The usage of the calibration for powder TOF instruments (specifically, NOMAD and POWGEN in current scope) is two-fold, in line with the discussion presented in the sub-section above. On the Bragg side, the scenario is quite similar to that for CW instruments, i.e., the instrument parameter file containing the calibration constants will be delivered to genernal users. At the stage of data analysis, the main DIFC constant should be fixed and in most cases, the DIFA and TZERO values (and, potentially the DIFB parameter for POWGEN) can be released to be refined, to account for the potential sample position shift, etc.

On the total scattering side, although, as discussed in previous sub-section, the exact flying path, scattering angle, and among other engineering parameters (e.g., detector location) are still unknown after the calibration process, total scattering pattern with correct \(Q\) (or \(d\)) assignment can still be constructed.
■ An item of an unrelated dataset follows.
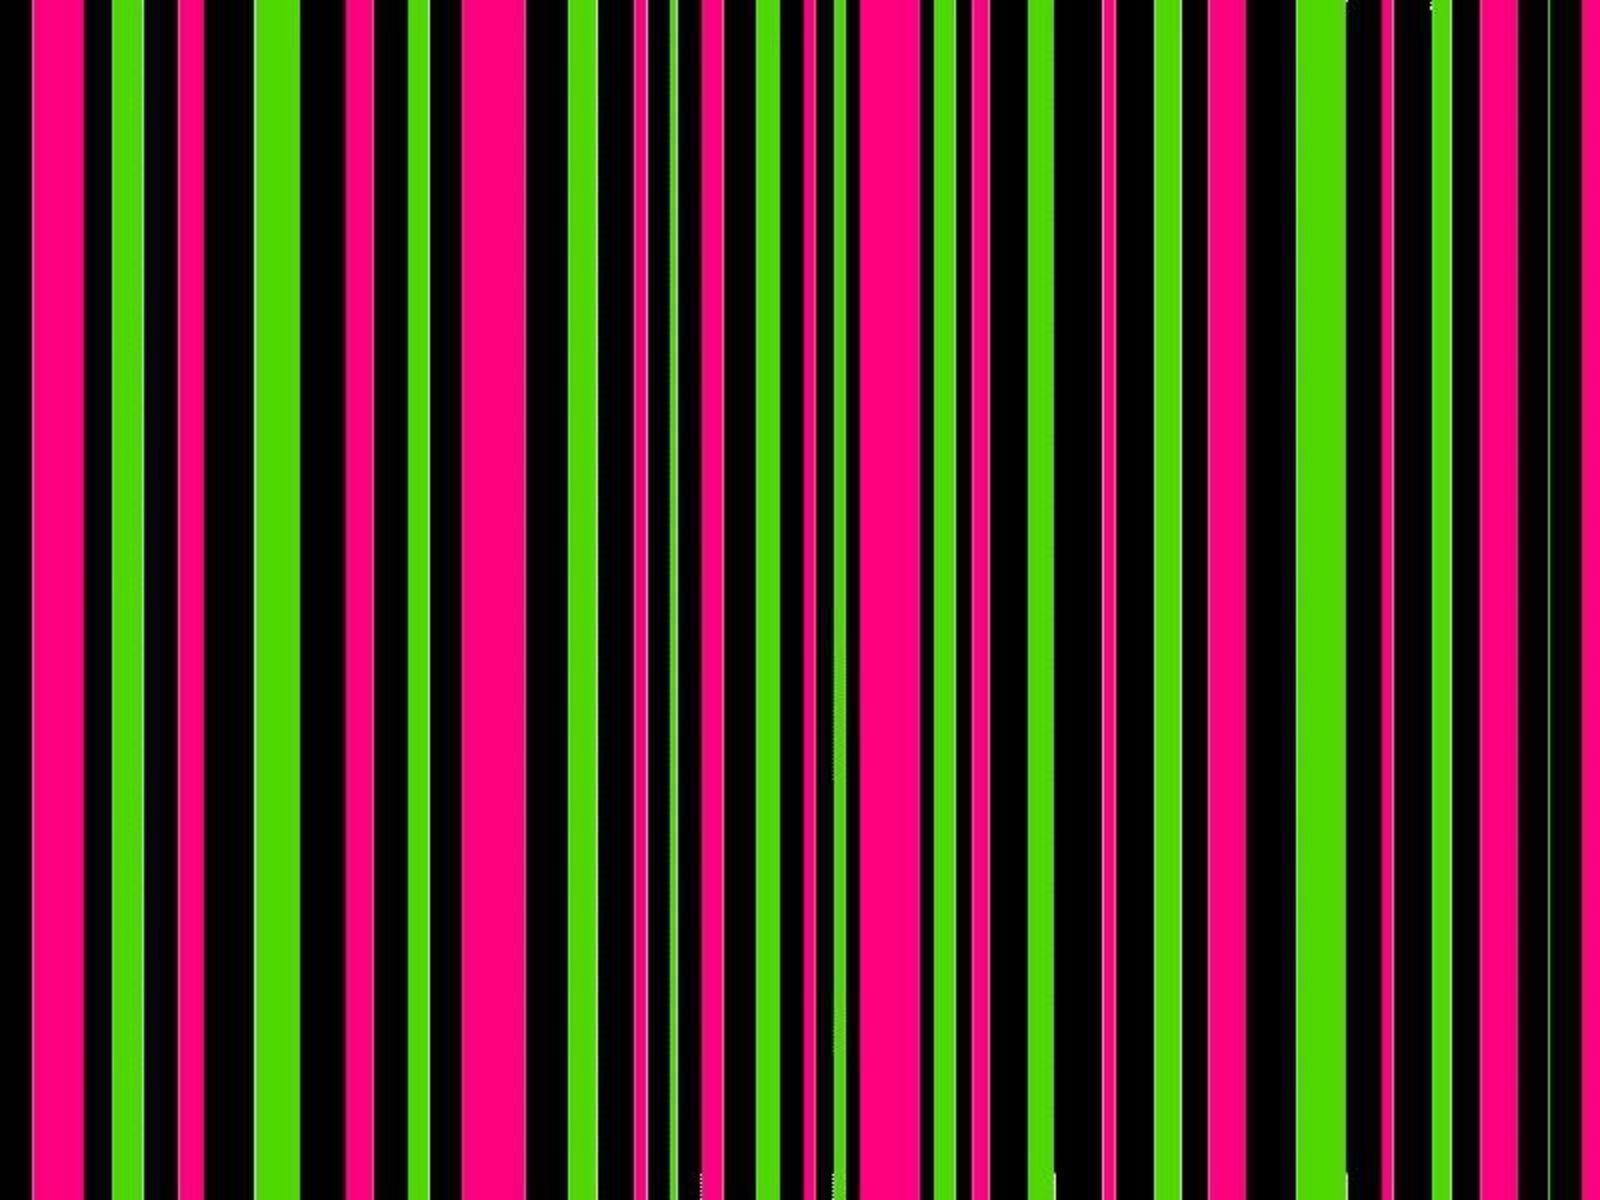 Neon Colors Rock image Stripes HD wallpaper and background photo

However, as discussed in previous sub-section, the prerequisite condition for an accurate \(Q\) or \(d\) assignment is that the potential sample position shift as compared to the calibrant could be accounted properly. With this regard, a routine based on machine learning algorithm is being worked on, trying to solve the sample position shift as compared to the calibrant, by utilizing the relative position shift among pixels.